Never mind, I found the sort of thing you’re looking for. I believe this is a more helpful link to your biblio challenge: https://biblio-springer.tiddlyhost.com/#title%20list%20%E2%80%94%C2%A0sort%20by%20first%20significant%20word%3F

It shouldn’t be hard to convert that JS macro to a JS filter. I’ll take a look. After that, you should be able to combine it with restructure-and-order technique.
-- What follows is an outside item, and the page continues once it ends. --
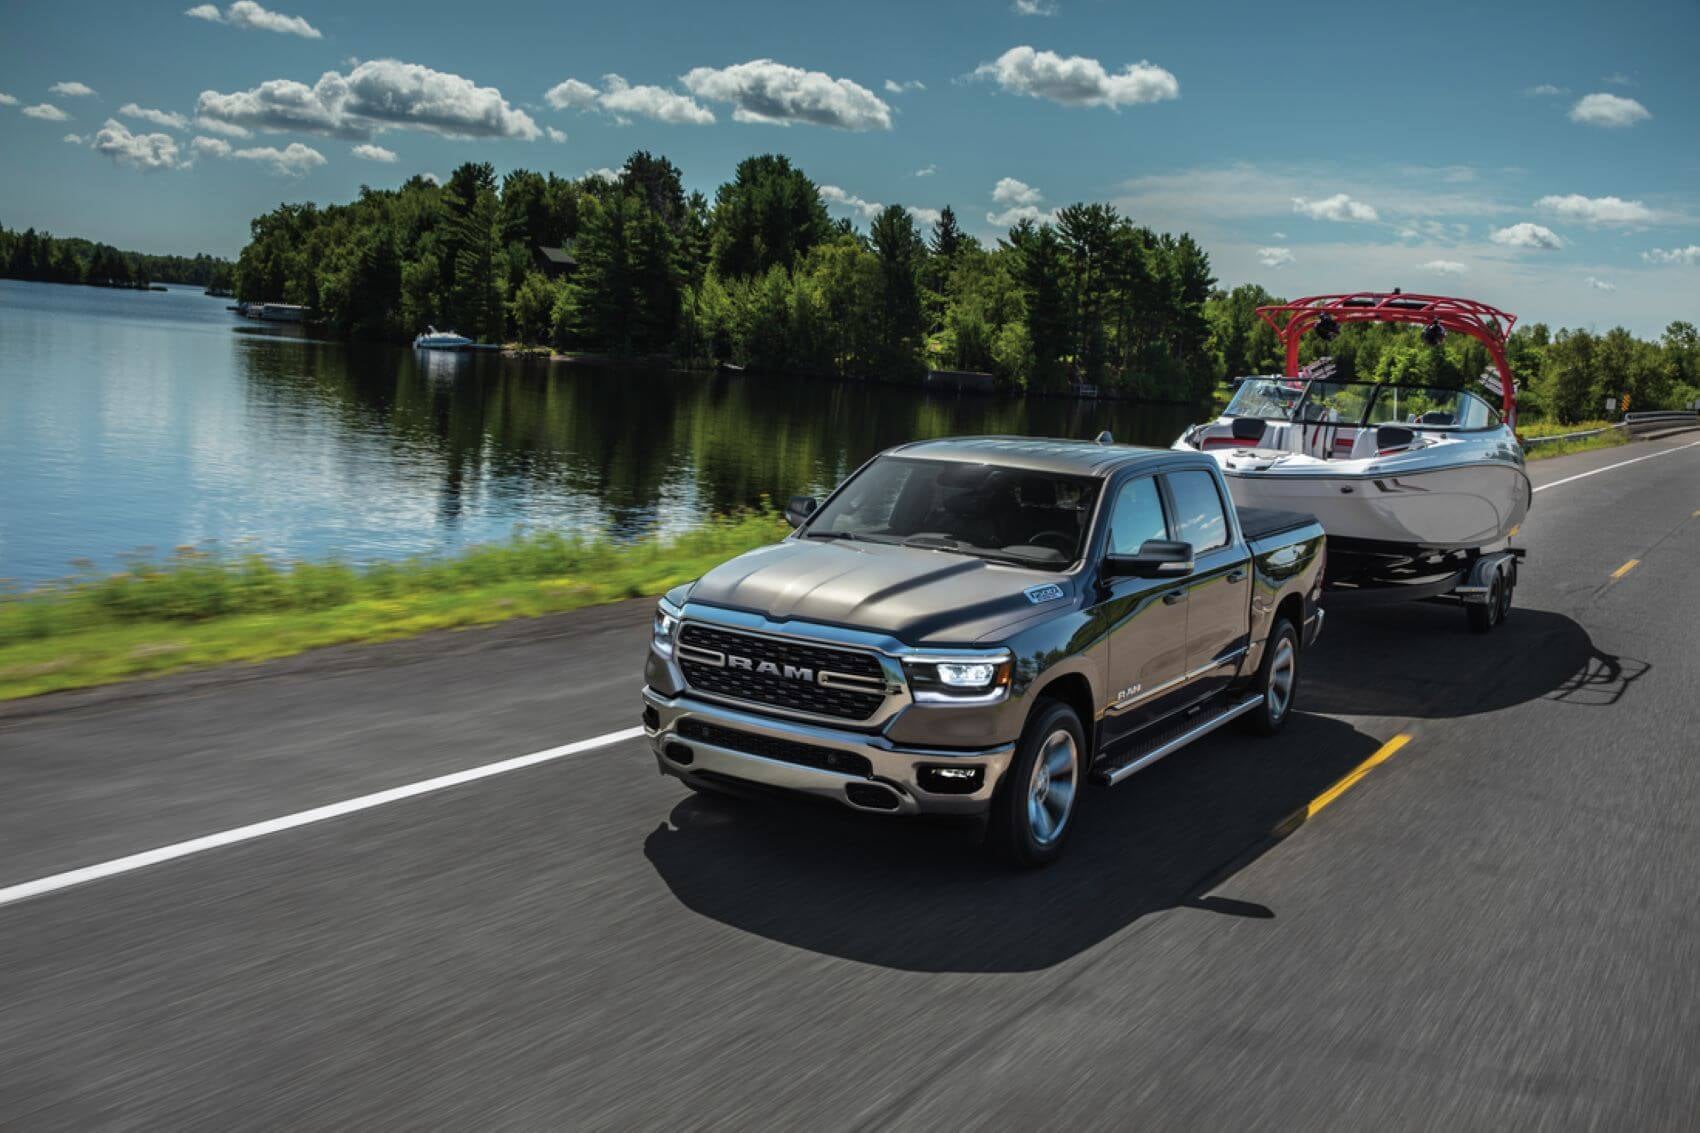 2022 RAM 1500 in Silver Towing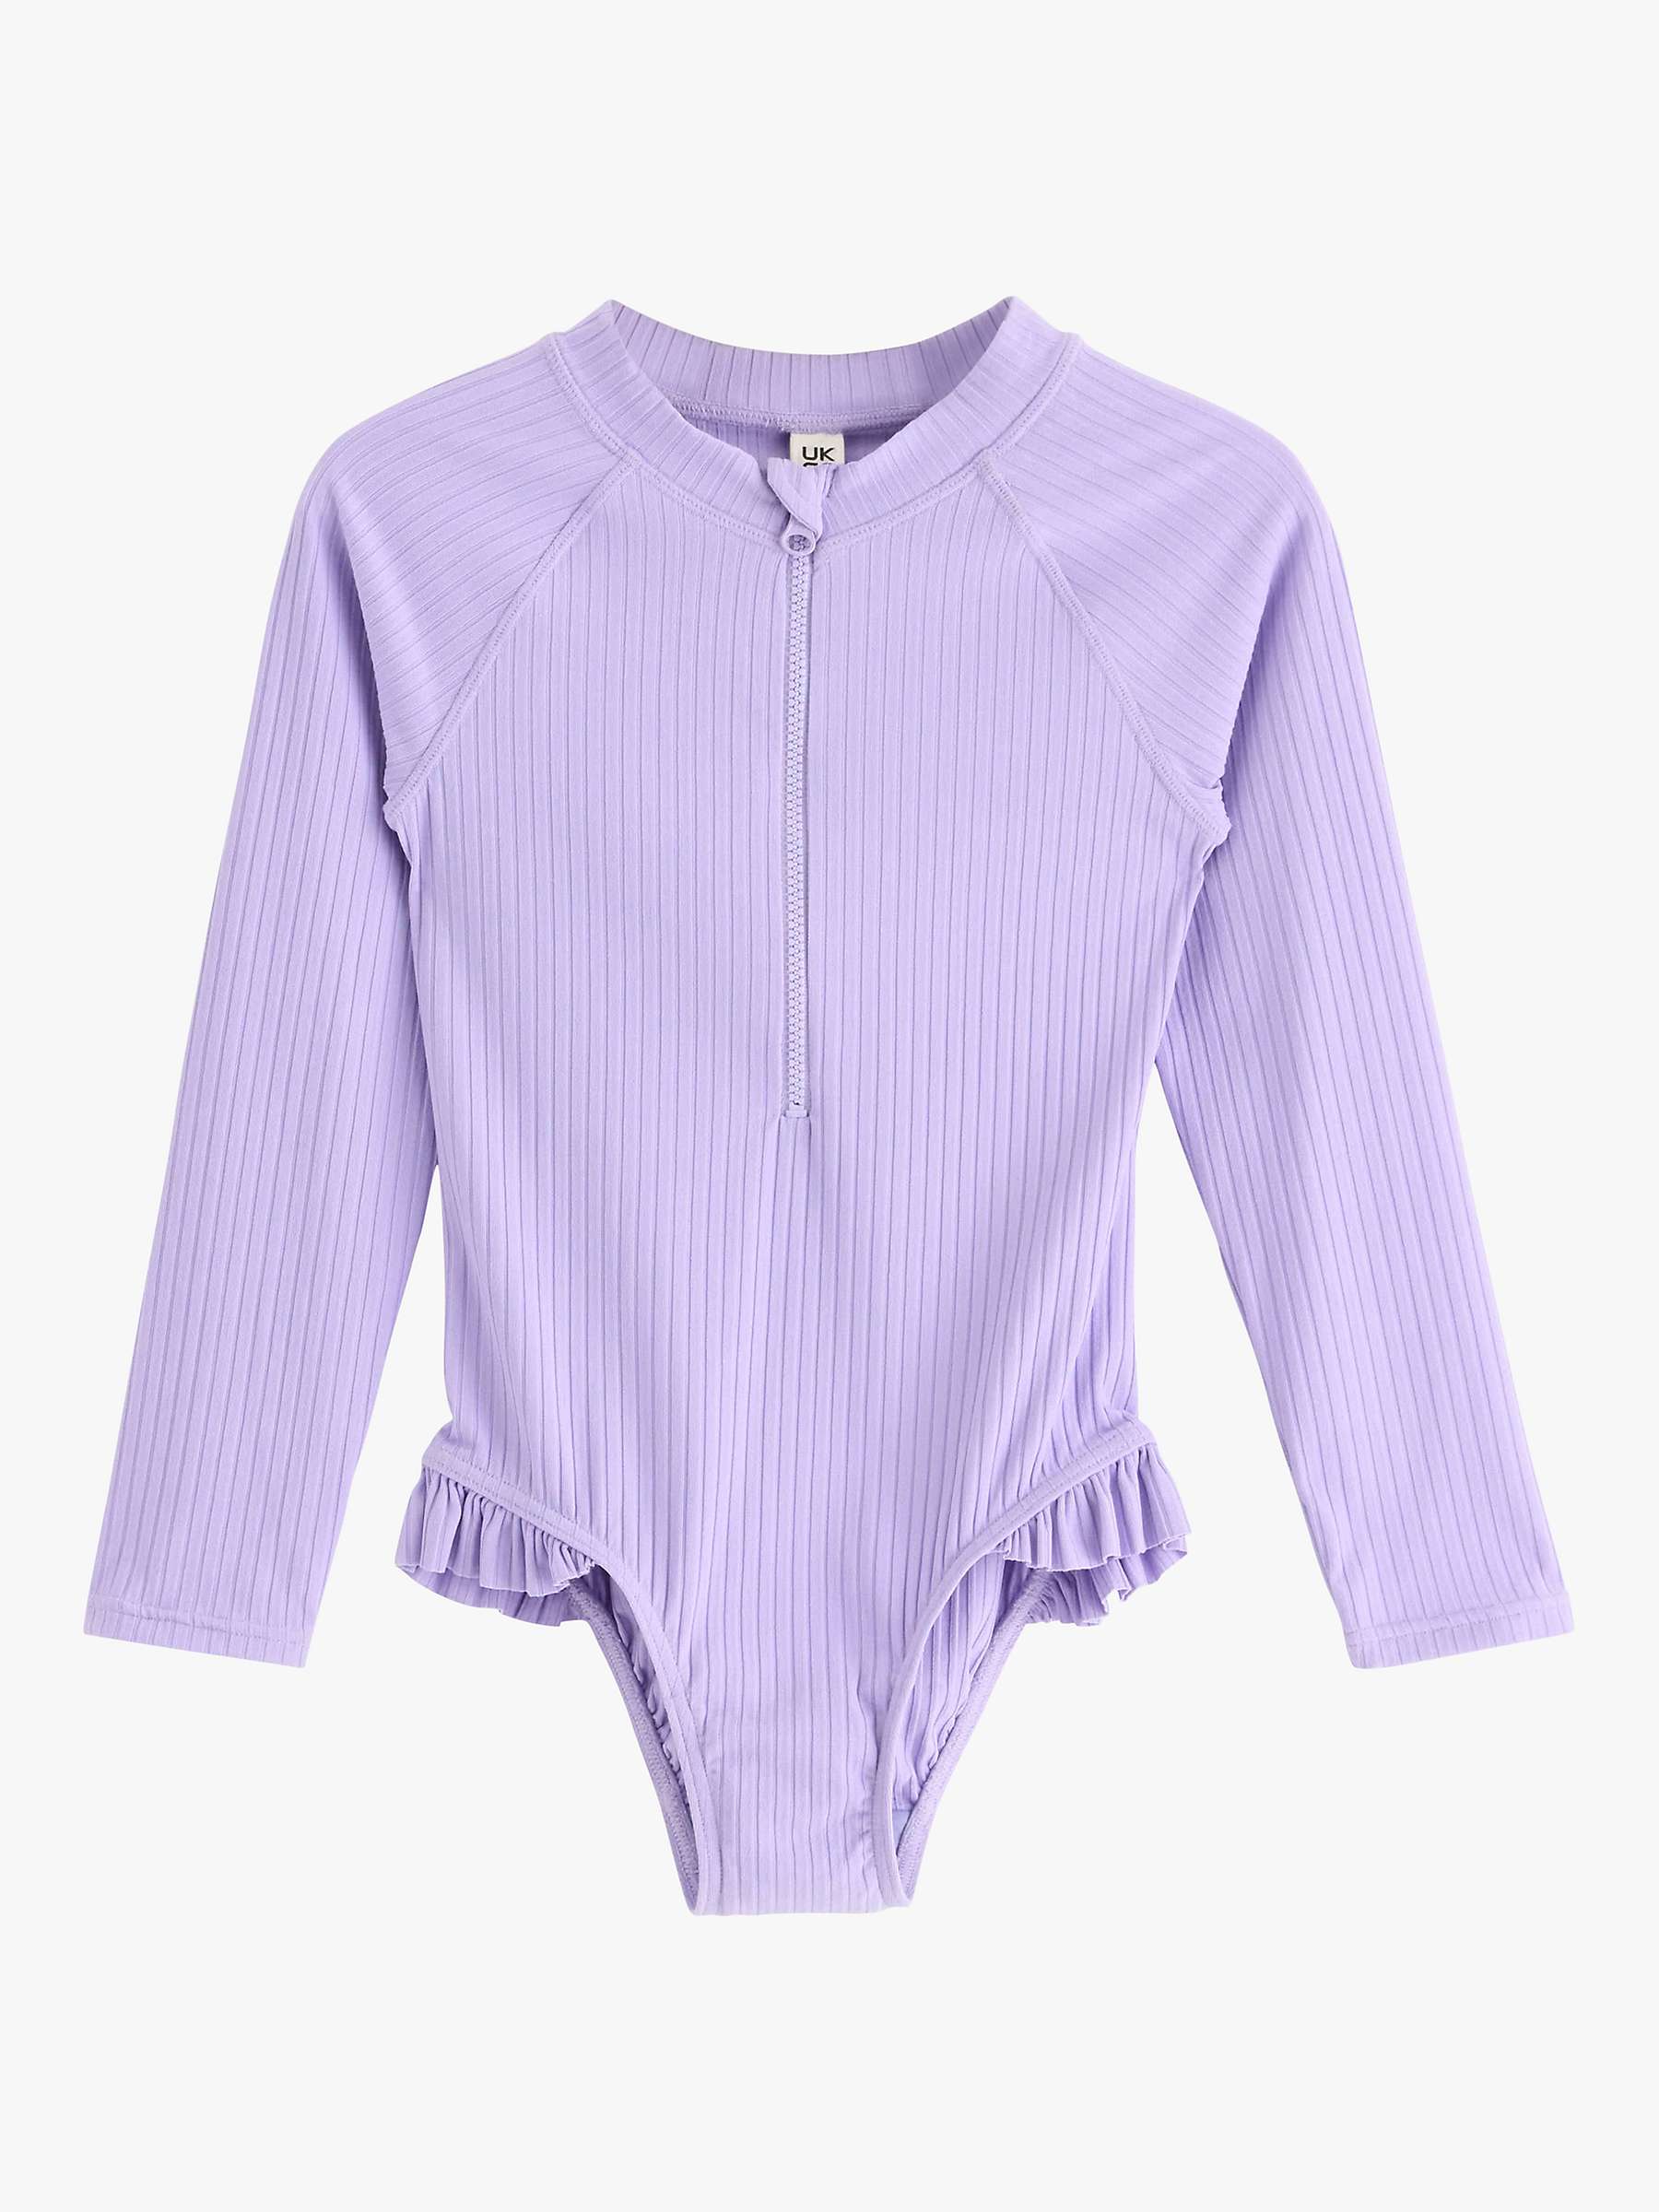 Buy Lindex Kids' UV 50+ Protection Rib Long Sleeve Swimsuit, Light Lilac Online at johnlewis.com

Scott_Sauyet · March 4, 2024, 4:50am

(As I said above, I think this is a better link: https://biblio-springer.tiddlyhost.com/#title%20list%20%E2%80%94%C2%A0sort%20by%20first%20significant%20word%3F

I think this might do what you’re looking for, or at least be a step in that direction:
https://crosseye.github.io/TW5-demos/2024-03-03a/

We expose the apa function that was used above in a macro, this time in a filter-operator, apatitle.

We use it like this:

\define by-apa() [{!!title}apatitle[]search-replace:i:regexp[^The |A |An ],[]]

<ul>
<$list filter="[{Titles}split[
]sortsub:string<by-apa>]">
<li><$link to=<<currentTiddler>> ><$text text={{{[<currentTiddler>apatitle[]search-replace:i:regexp[(^The |A )(.*)],[$2, $1]]}}}/></$link></li>
</$list>
</ul>

Here we combine the APA functionality with the technique already described to sort without leading "The"''s, "A"'s (and I’ve added "An"'s) and to display by moving those articles to the end. As I write this up, I realize there’s a small bug in this technique: It would not properly sort "The gold ring" and "A gold ring", except by luck. I’m not going back to fix this in my demo, but you could reuse the search-replace used in the display in the sort, and it should be fine.

That filter operator is written in Javascript. I don’t think there’s anything fundamental that would prevent this from being written in wikitext, but I’m not interested in trying right now.

pmario · March 4, 2024, 8:45am

Have a closer look at the sortsub operator examples

The last example is exactly about that challenge.